**RAW DATA:**
+ + + + + + +

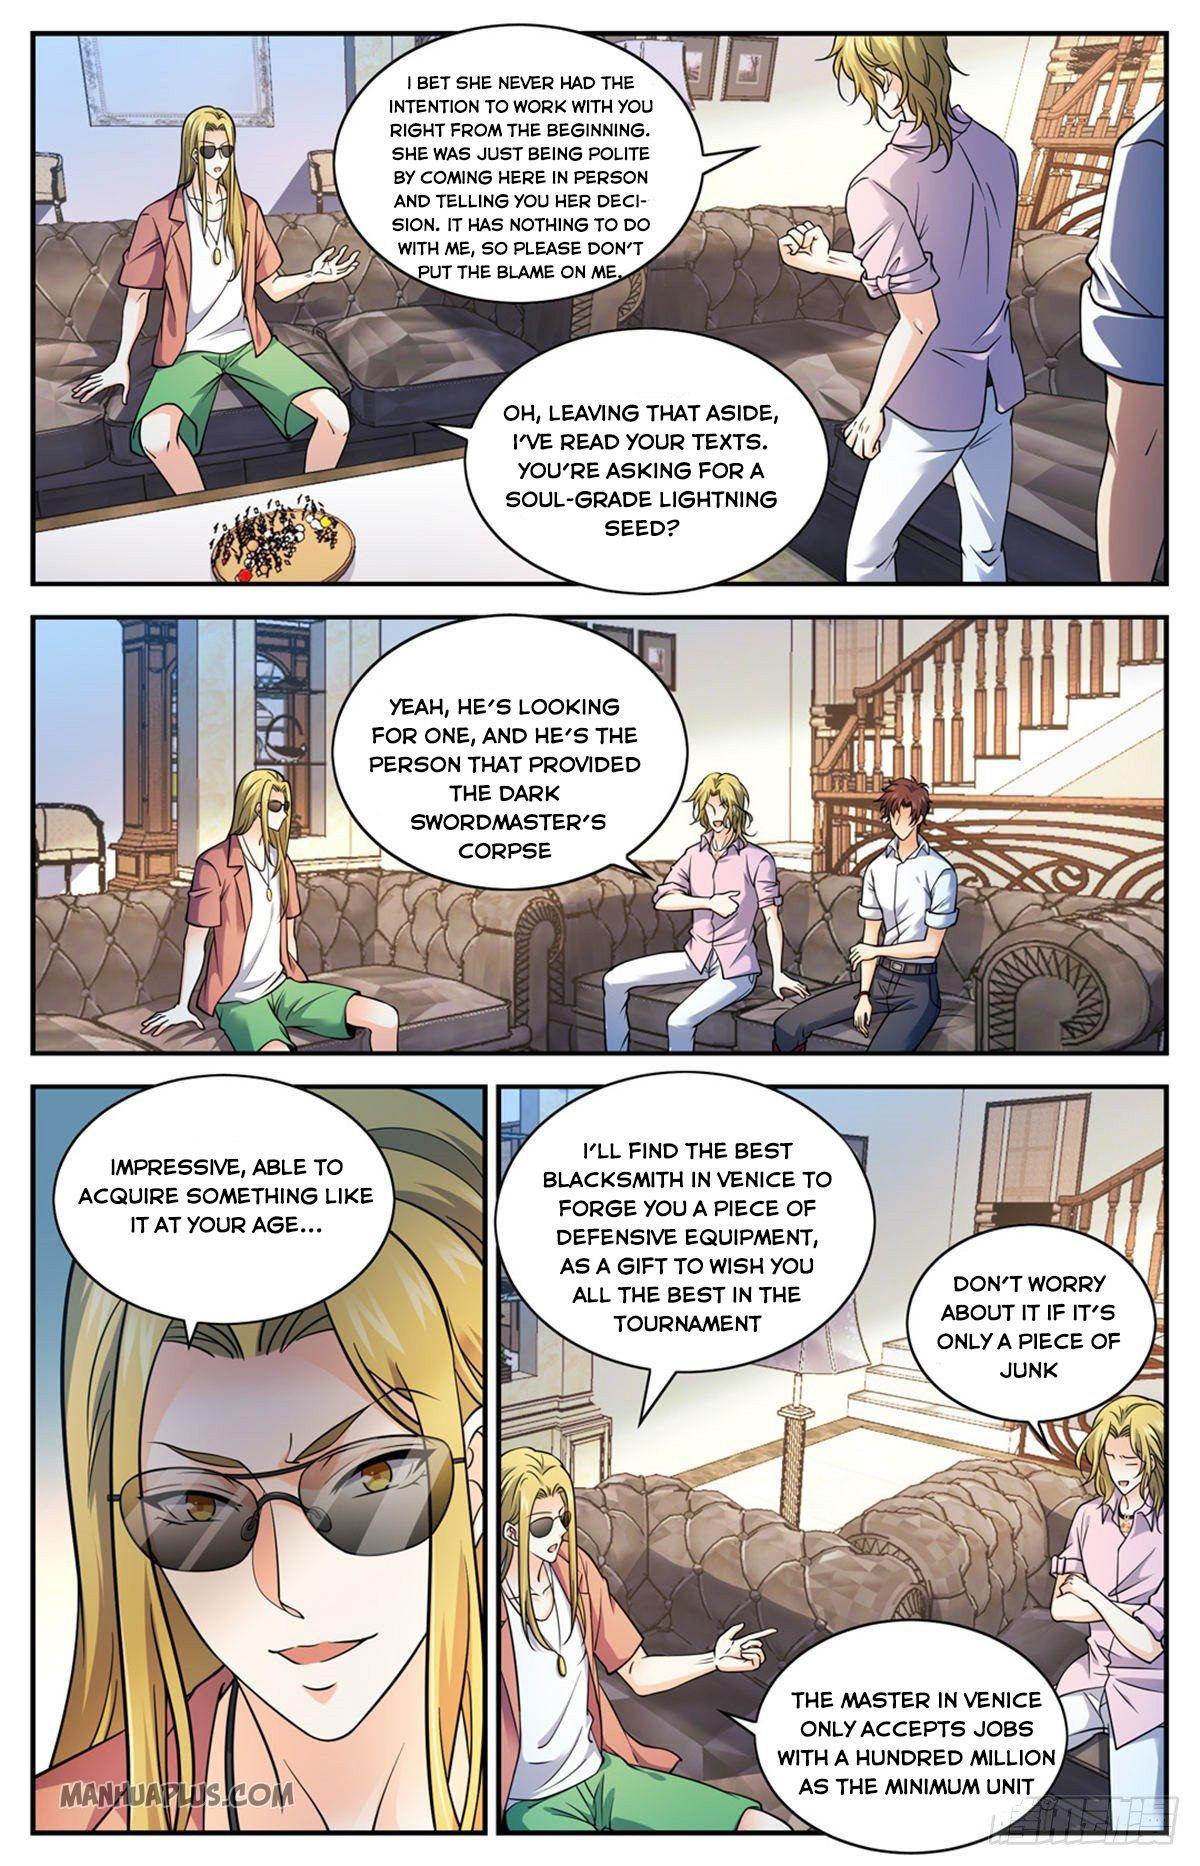 Versatile Mage - chapter 672-eng-li
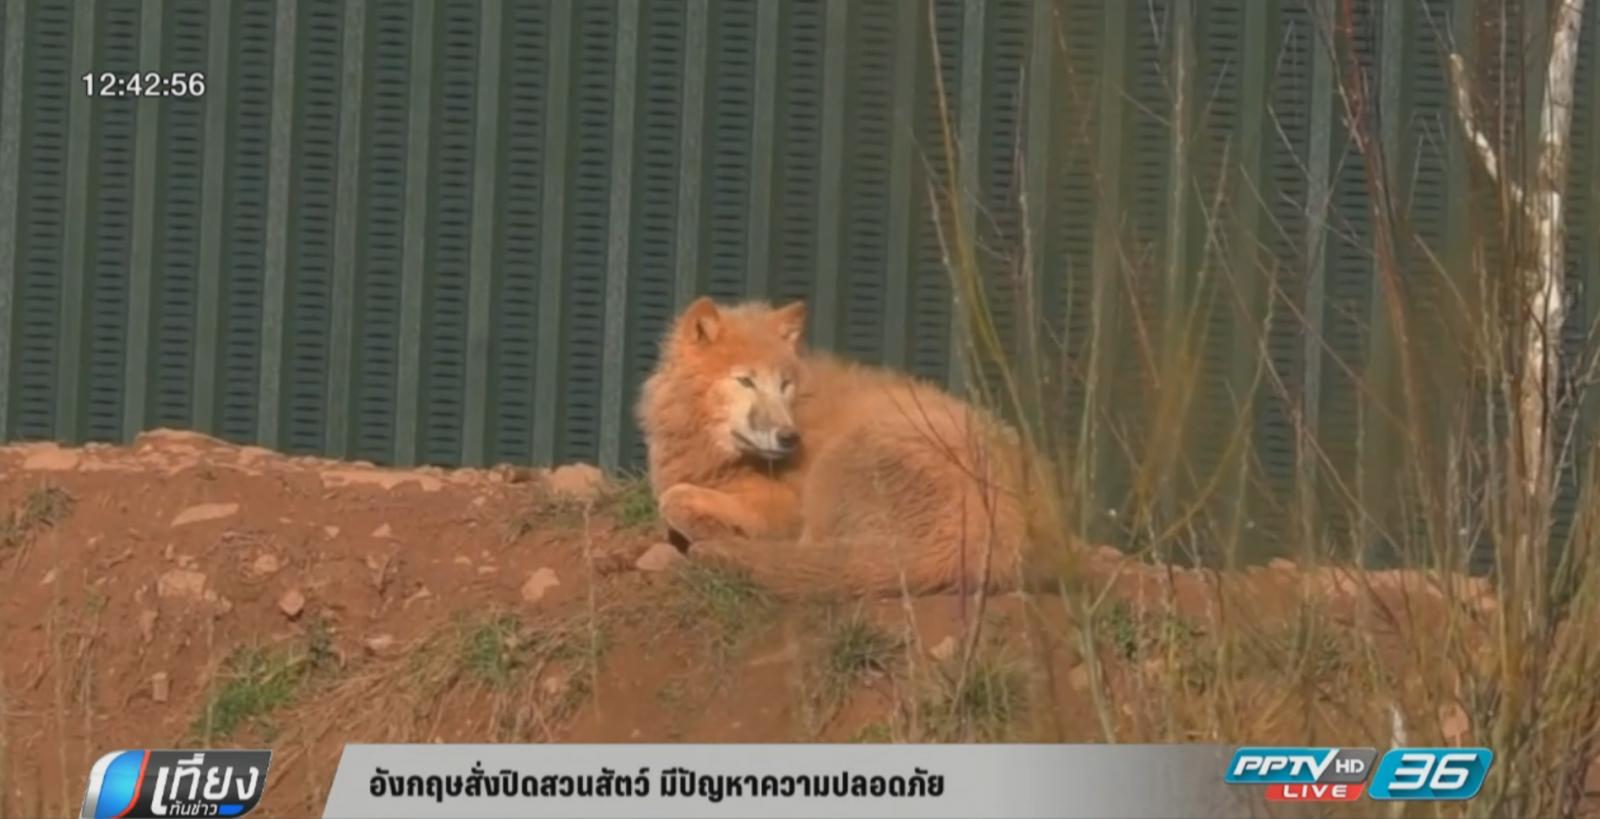 อังกฤษสั่งปิดสวนสัตว์ชื่อดัง ทำสัตว์ตายเกือบ 500 ตัว
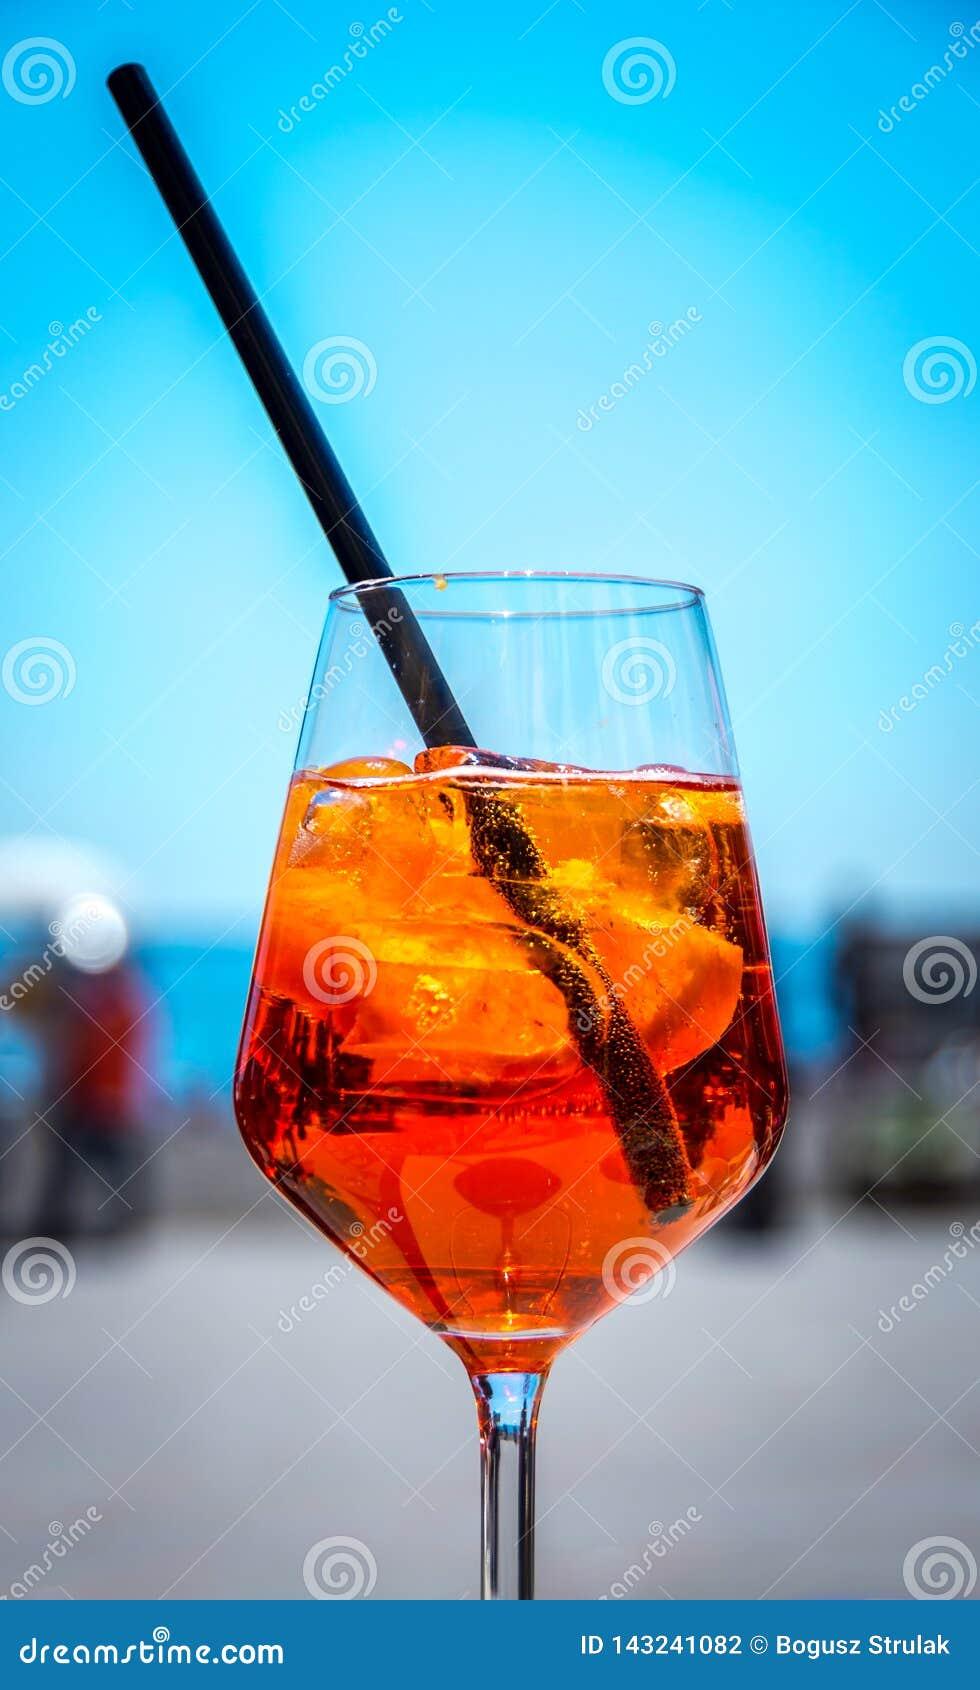 Διάσημο ιταλικό Aperol spritz κατά τη διάρκεια του καυτού καλοκαιριού

+ + + + + + +

**WORK TO BE COMPLETED:** Recopy the full listing exactly, passing over any picture.

**SOLUTION FOR THIS EXERCISE:**
 Versatile Mage - chapter 672-eng-li
 อังกฤษสั่งปิดสวนสัตว์ชื่อดัง ทำสัตว์ตายเกือบ 500 ตัว
 Διάσημο ιταλικό Aperol spritz κατά τη διάρκεια του καυτού καλοκαιριού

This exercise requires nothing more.